I have a smaller image-dataset as numpy arrays and want to transform data-augmentation on it, but there doesn’t seem a way to use them with torchvision?
The torch.utils.data
doesn’t have a transform parameter and torchvision.datasets
doesn’t have a numpy-dataset.
I don’t have the dataset the way I need it on the drive (it get’s composed out of multiple datasets based on the problem I want to solve, like: I need this class from this dataset, this class from that etc.).
If you have numpy arrays, you can convert them to PIL Image format, and then apply data augmentation techniques in torchvision.transforms
. The transformation is as follows:
- If array of type
uint8
:
from PIL import Image
im = Image.fromarray(np_arr)
- If array has type float:
from PIL import Image
img = Image.fromarray((np_arr*255).astype('uint8'))
Maybe I’ve misunderstood something…but then I’ve just transformed my training data and not augmented it? I could save 10 versions of transformations per datapoint, but at some point, this is going to be expensive.
(I don’t have that many datapoints and need intensive data-augmentation, which worked pretty well in keras).

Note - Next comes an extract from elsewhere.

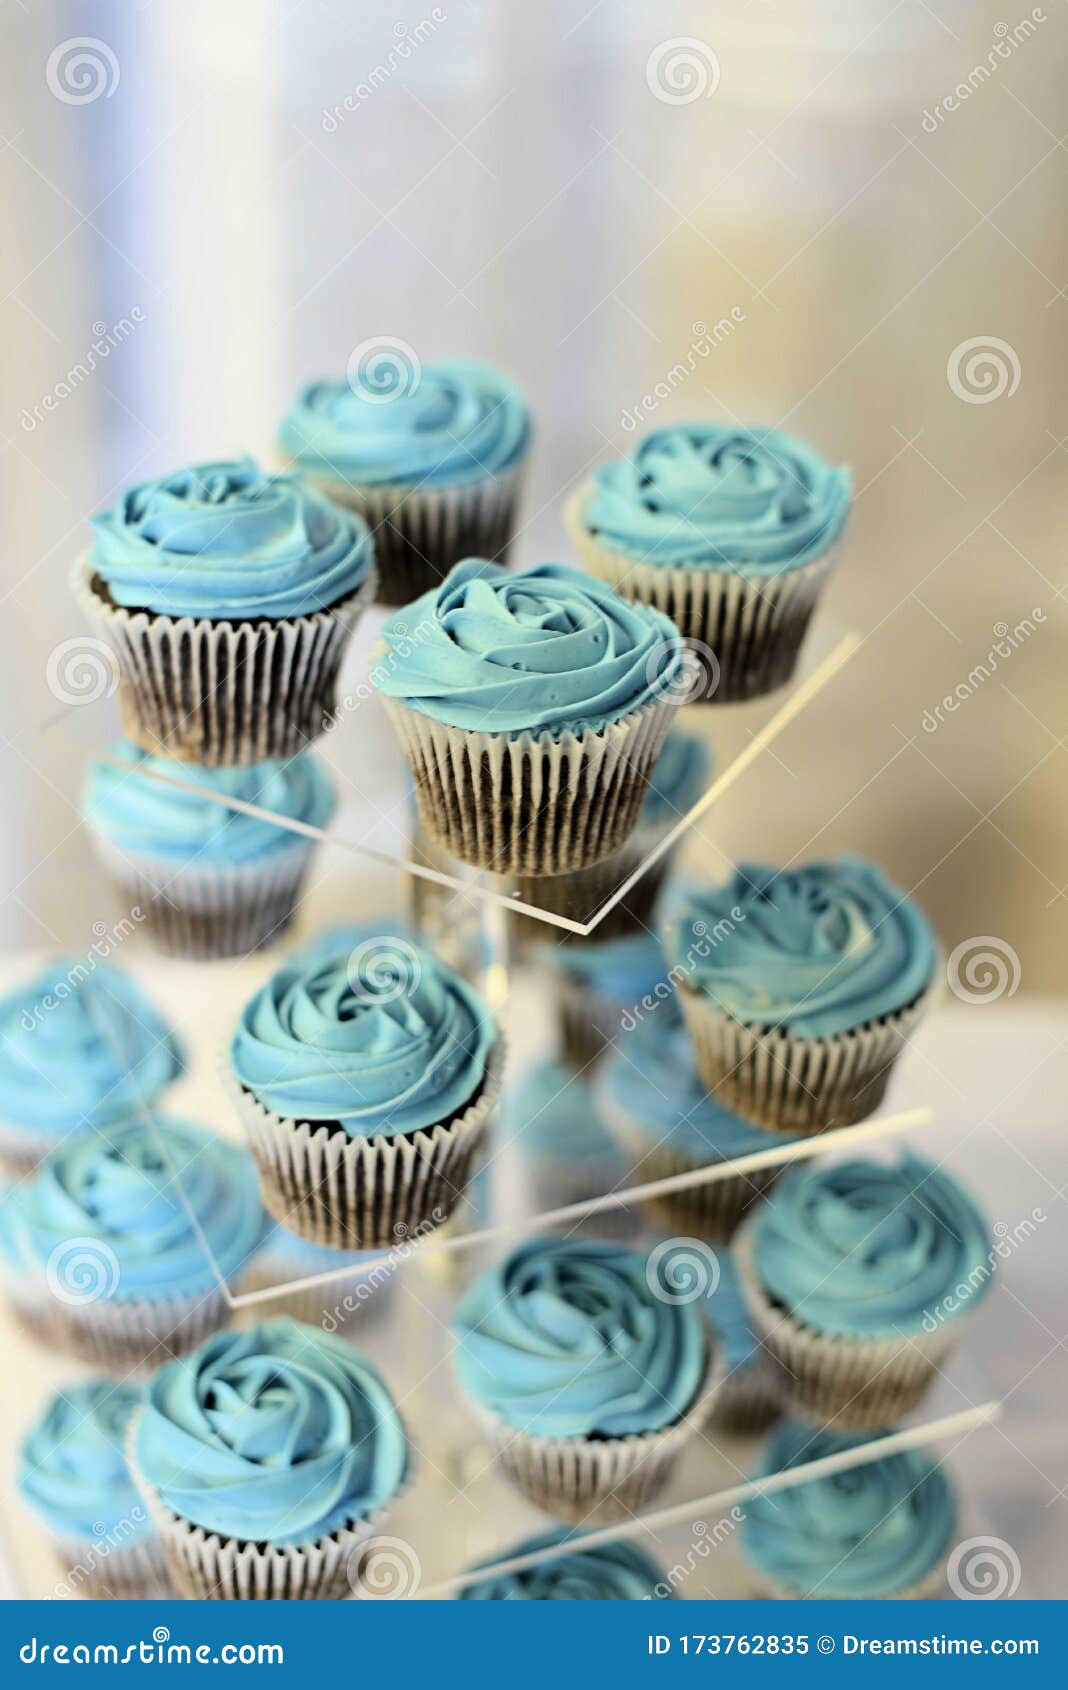 Blue Wedding Cake stock photo. Image of table, celebration - 122605768

I thought torchvision.datasets
applies them per epoch (or batch)?
Yes, with torchvision.transforms
you can apply different random data augmentations like RandomHorizontalFlip
, RandomResizedCrop
, … and you can also combine a list of such transformations together using torchvision.transforms.Compose(transforms)
.
But note that all these transformations need the data to be in PIL Image format. So, you can first convert your numpy array to PIL Image, and then apply the transformations. At the end, you torchvision.transforms.ToTensor()
will convert the final image to a Tensor.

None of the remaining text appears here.